Movement in Robotics
We all take the fluid movement of walking for granted, we can walk in an S shape without having to stop and re-evaluate movement prior to turning. Many robots would have to stop, think about the next movement, turn at a certain angle and THEN return to moving forward (rinse and repeat for our S shape). Our pattern is a smooth curve vs. a robots rather jagged looking S shape.
Another challenge? We are able to remain static and upright, walk in a straight line (sometimes, maybe not on a Saturday night) but also walk up and down stairs. We achieve this by constantly changing our centre of gravity and lots of dynamic movement (swinging our arms like pendulums). Imagine how many sensors must be required for a robot to constantly be aware that it has moved, is off balance and now needs to change its centre of gravity before it falls over. A lot! This is a challenge enough for walking on a flat surface, add in a gradient (or stairs!) and it would become an even bigger sensory challenge! This has been achieved though by ASIMO, a robot developed by Hondas. This impressive robot can store walking patterns in real time, calculating where to place its feet each step, acceleration/deceleration and steady speed: all of which creates a fluid movement vs. previous robotic attempts which can appear stiff and overthought. If you watch closely, you’ll also notice that ASIMO’s torso shifts slightly with each step, allowing it to readjust its centre of gravity (as we do!). ASIMO can walk up and downstairs because of this ability to real time walk.

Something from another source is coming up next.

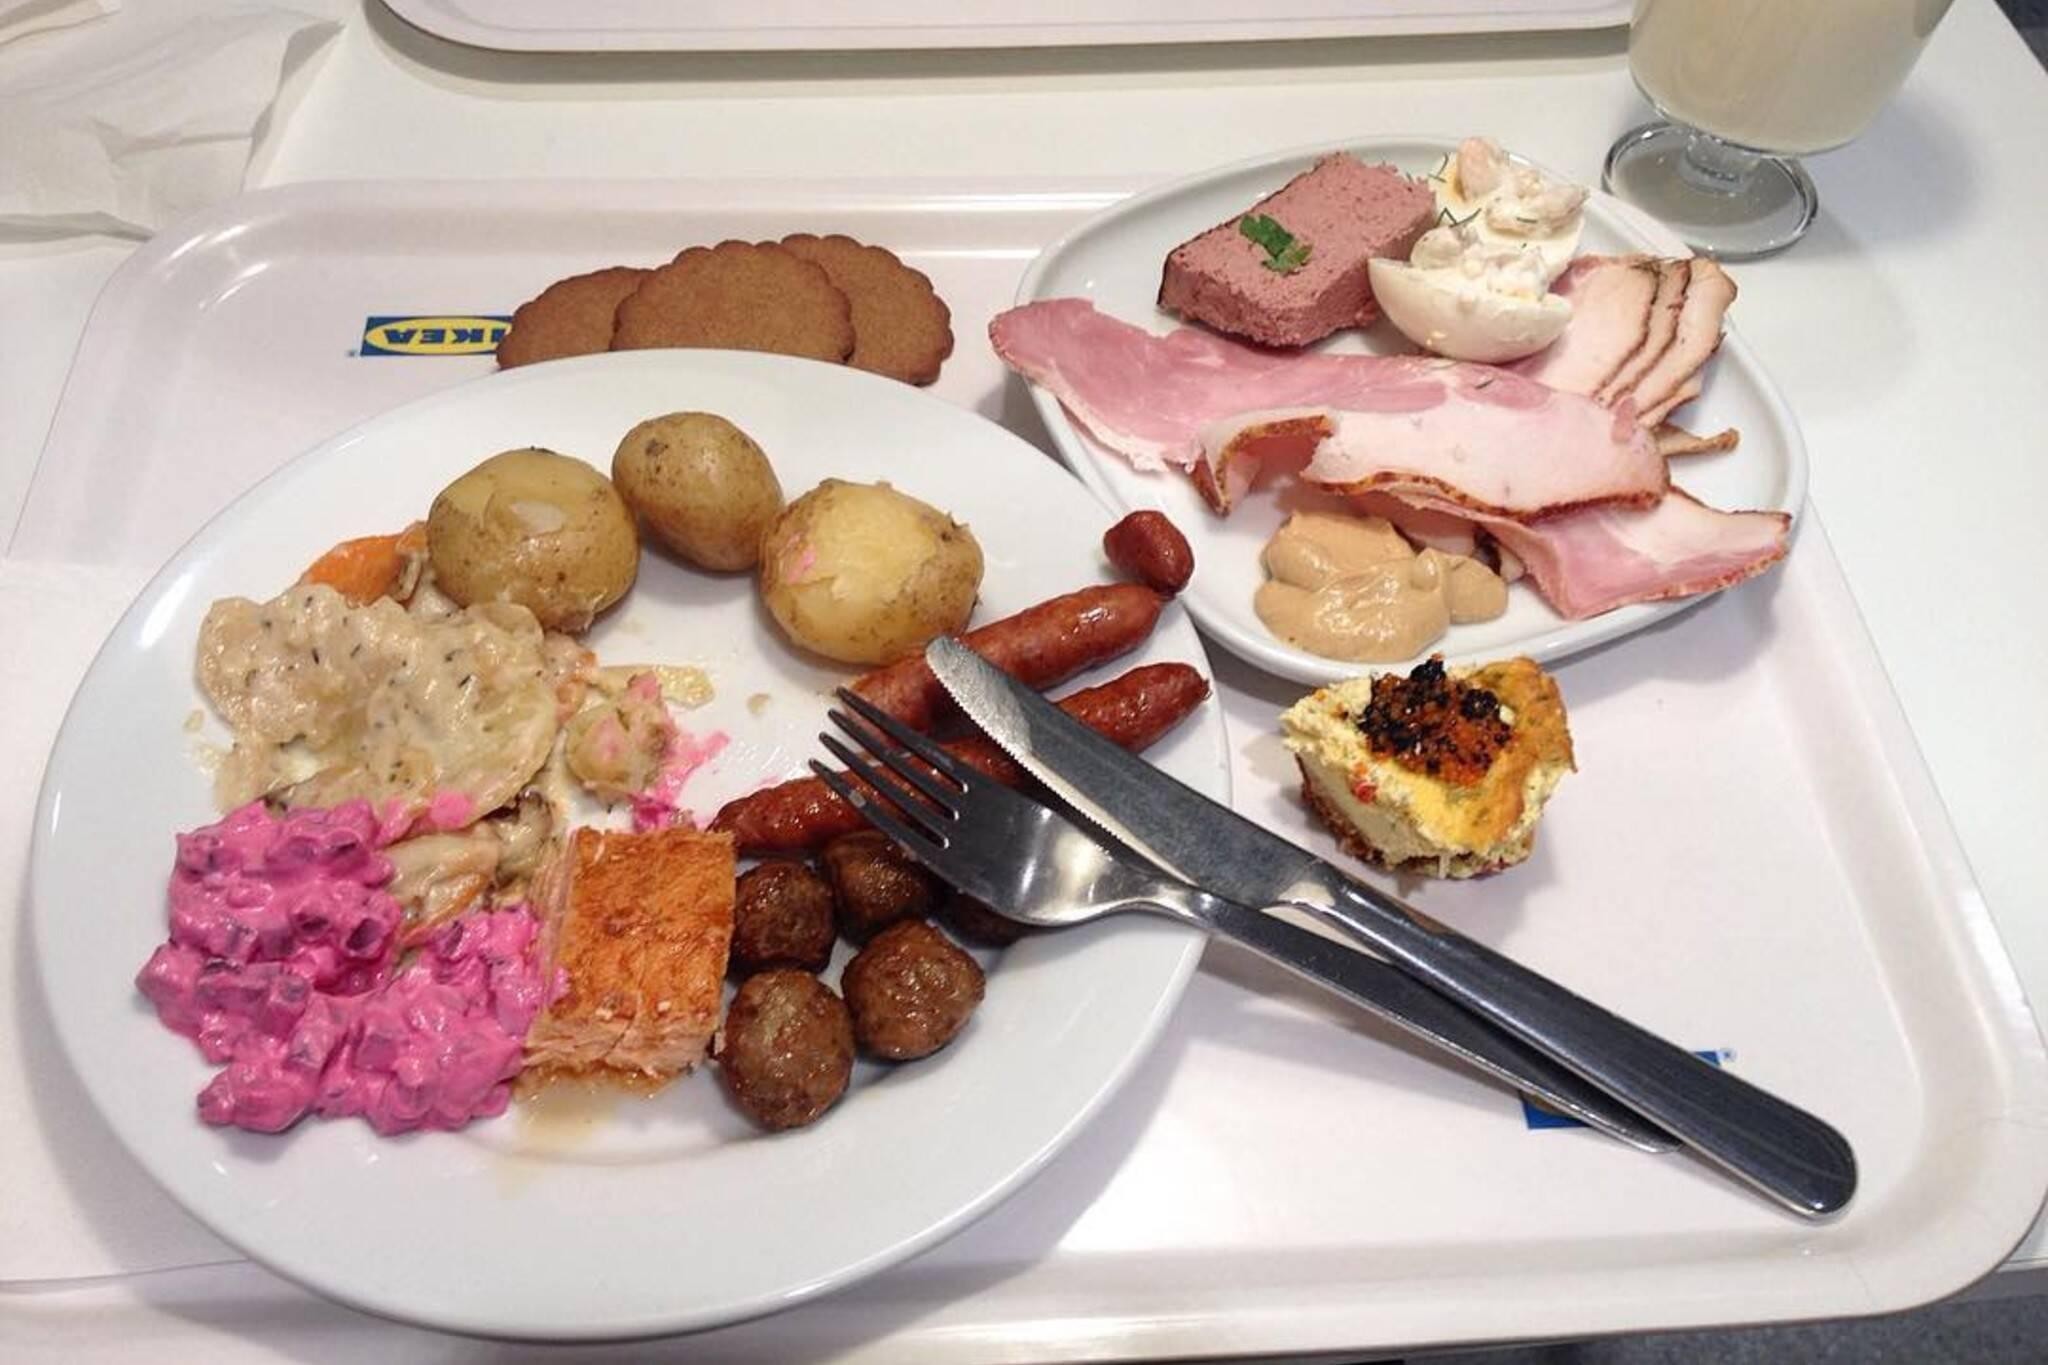 ikea holiday buffet

Even more impressive, Boston Dynamics have created a humanoid, biped known as Atlas which can not only keep its balance on uncertain ground, it can actually stop itself from falling even when its centre of gravity is completely off after tripping and if it does fall, it can get itself back up. Something which I find marvellous is it can also jump! See here.
Bipeds are popular, however there are also robots with six legs known as Hexapods. These are fantastically stable because at all times there are three legs on the ground, creating a triangle of stability each time it moves forwards. Quadrupeds have four legs and are also popular, although a few of these remind me of the robot dogs in Black Mirror. Quadrupeds are four legged robots and are able to negotiate uneven ground. Boston Dynamics, again, created BigDog which was designed to carry heavy loads on its flat back in uncertain environments, a great benefit for getting supplies etc to troops (if required). Impressive as it is, I still have the heebie jeebies every time I look at it (the quadrupeds in Black Mirror were not friendly).
How else can robots get around? Many small robots are wheeled. They are steered differently than a cars wheels, which predominantly use a rack-and-pinion steering. This mechanism doesn’t allow for tight turning (in circles) so smaller robots tend to have two wheels, one on either side, and are differentially steered. Each motor, and therefore each wheel, is controlled independently. So to rotate, we could turn one motor off and one motor on and vice versa. This is how my university simulated robot is controlled, wee Simon! The issue with these robots is they are not exactly space saving! So they would be useless for, say, a robot intended for pipework. The wheels also don’t offer a lot of stability on rough terrain, think of a fiat (or similar) trying to off road, yikes!
This does give the robot a range of motion as shown:
Robots can also be tracked, but this seems inefficient to me as a lot of energy is lost through friction and there is not a lot of control over movement. However, there is a place for them as tracked robots have the upper hand on difficult terrain than wheeled robots.
Robots have also been made to hop, swim, fly and even climb. A Professor at Nagoya University, in Japan, even created a robot known as “The Brachiator‘ which gets around by swinging! The robot even has the ability to lear how much of a “swing” it needs to grab the next bar. People are really steeping out of the “robot box” though and robots have even been designed to move in a similar way to animals such as snakes which have an incredible amount of Degrees of Freedom.
Side Note: The idea of “Degrees of Freedom” is used to describe the range of motion a robot has. e.g a human hand would have more than 20 degrees of freedom, one degree of freedom for the ability to make each finger move around (rotation, forwards and backwards) and one per joint. A elbow joint moves around one axis and has one degree of freedom.
We have even started to make robots that mimic the way plants grown and climb! Most recently researchers at Istituto Italiano di Tecnologia in Genoa created a “soft” robot which climbs in a similar way to a vine growing. You can read the research here or find the short and sweet summary here .
Needless to say, all of this movement requires some sort of force behind it, known as its actuator. Many robots remain electrical, however actuators such as hyraulics or pneumatics are increasingly popular. These are summarised well in this article but the simplest way to remember them is that hydraulics uses pressurised fluid, pneumatics works using air pressure and electrical actuators turn electricity into torque (power).
A bit of a whistle stop tour, but hopefully it’s got you thinking about other ways we could make robots move. Maybe something from the plant kingdom will be the next huge leap forwards for movement in robotics!